Vendor to comply with MR, mandatory requirements.
TQ preparation
Review of TQ response from Vendor.
TQ-2, if any.
Review of vendor deviation, if any.
The vendor should comply & stamp on the table of Compliance.
Pressure Testing requirements to be checked.
Painting requirements are to be marked with respect to line design parameters.
For the Full Bore valve requirement, the Valve ID is to be checked.
Fire Safe Design requirements are to be checked for soft seated valves.
Sample format for Technical Bid Evaluation, Vendor offer Review
Piping Inputs to Vendor Packages for Technical Bid Evaluation
While performing the technical bid evaluation the following inputs are provided from the piping.
Vendor to perform the engineering of interconnecting piping between all internal skids of Package.
The vendor shall perform the stress analysis/ calculation, and other required engineering for interconnecting piping between all skids of the Package (for example GRC Package-LR Compressor, Air Cooler, Sealing, Drums, etc)
The vendor shall provide maximum allowable forces and moments at the interface flanges.
Vendor to provide Piping layout drawings, and Isometrics drawings for all Interconnecting piping between all skids of Package.
The vendor shall comply with the Client/ In-house Piping Specification & Shell Standard Piping Class
Vendor to provide Proper access / Platforms / Ladder for Maintenance and Operation of the GRC Package.
Vendor to comply with all client requirements.
Vendor to comply with the client Specifications, Guidelines, Procedures, Internal Codes & Standards, and requirements as stated in MR.
Location & Available Area for the Packages
Piping Inputs to Static Equipment for Technical Bid Evaluation
Piping loads at supports taken from Equipment Shell / Roof.
Platform Access requirements for top Nozzles
Piping Inputs to Rotating Equipment
Technical Bid Evaluation for Centrifugal Pumps
The following guideline should be satisfied during technical bid evaluation for centrifugal pump selection:
The offered model should be proven and should have been operating satisfactorily for a minimum of 1 year in at least one installation.
The pump should not be selected in case the difference between NPSHA is less than 0.5 meters. NPSH testing must be asked whether the liquid is at/or near its boiling point, the liquid is gas saturated, or wherever NPSHA is less than 3 m.
Pump performance must be corrected for viscous fluids; the performance correction factor given by the vendor should be checked with respect to hydraulic institute standards.
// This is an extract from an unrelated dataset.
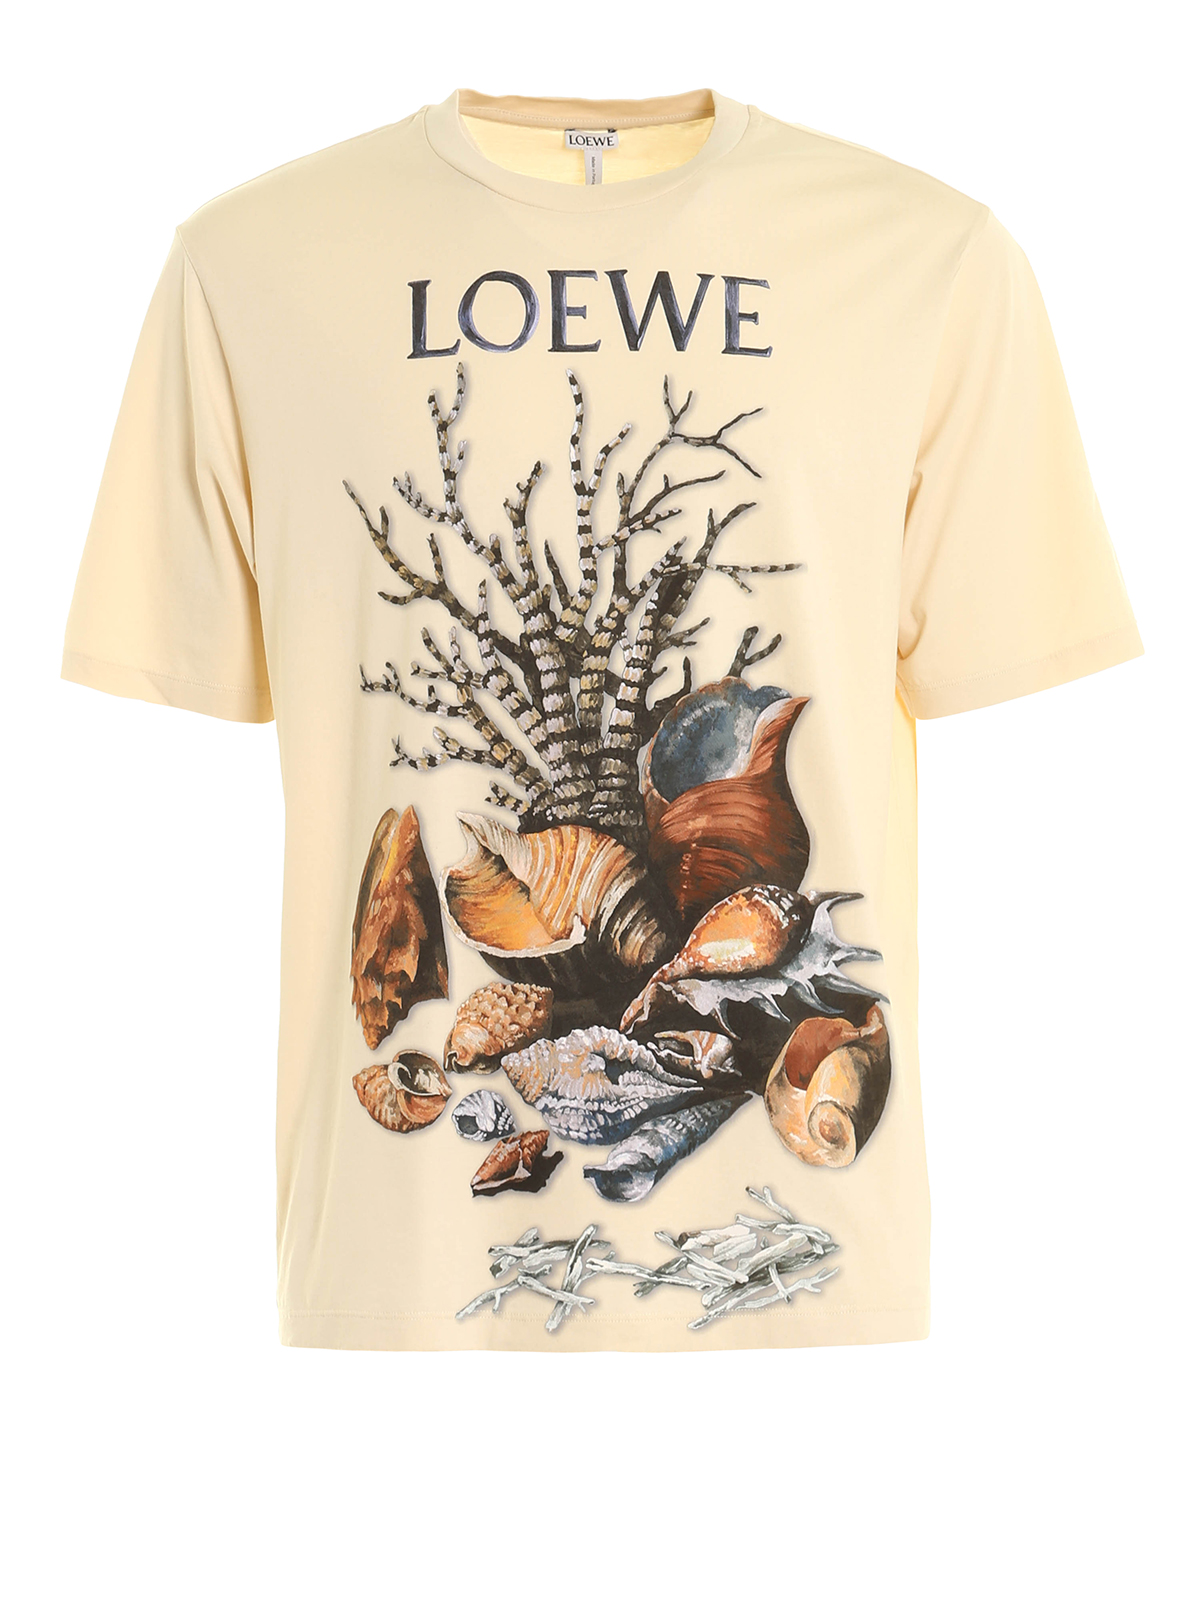 Tシャツ Loewe - Tシャツ メンズ - ベージュ - H2179813CR2230

An equivalent parameter for water must be mentioned on the datasheet.
In case a low-speed pump is required, a higher-speed pump should not be accepted unless substantiated with plausible technical reasons and operating experience for a similar application.
The pumps required for parallel should have a minimum of 10-20% higher shut-off head than the operating head.
Pump with flat and drooping characteristics towards shut-off should not be selected for parallel operation.
In the case of a single pump operation, the pump minimum flow shall be greater than the flow corresponding to the differential head coinciding with the shut-off head in the drooping characteristics.
In the case of any indigenous pump vendors offering the pump with an inducer, his experience, and technical backup should be checked.
Double volute pumps will be preferred for high-capacity pumps (more than 250 m3/hr) and specifically for applications where continuous part-load operation is envisaged.
Impeller type should conform to that specified in the datasheet, generally open impellers will be preferred for liquid with suspended solids.
Non-standard flanges i,e 1-1/4’’, 2-1/2’’,5’’,7’’, and 9’’ should be provided with companion flanges by the vendor with nuts, bolts, and gaskets.
In the case of large water pumps, suction-specific speed should be calculated at the BEP of the maximum diameter of the impeller. Generally, this should be below 12,000 (US units). Pumps with suction-specific speeds above 12,000 with inducers are only acceptable.
Sundyne pumps with higher specific speeds are acceptable. The vendor should be asked for a reference list for higher specific suction speed pumps. In case the vendor has provided pumps with satisfactory results even with suction specific speed >12000, pumps should be accepted with at least 20% minimum continuous flow of BEP flow.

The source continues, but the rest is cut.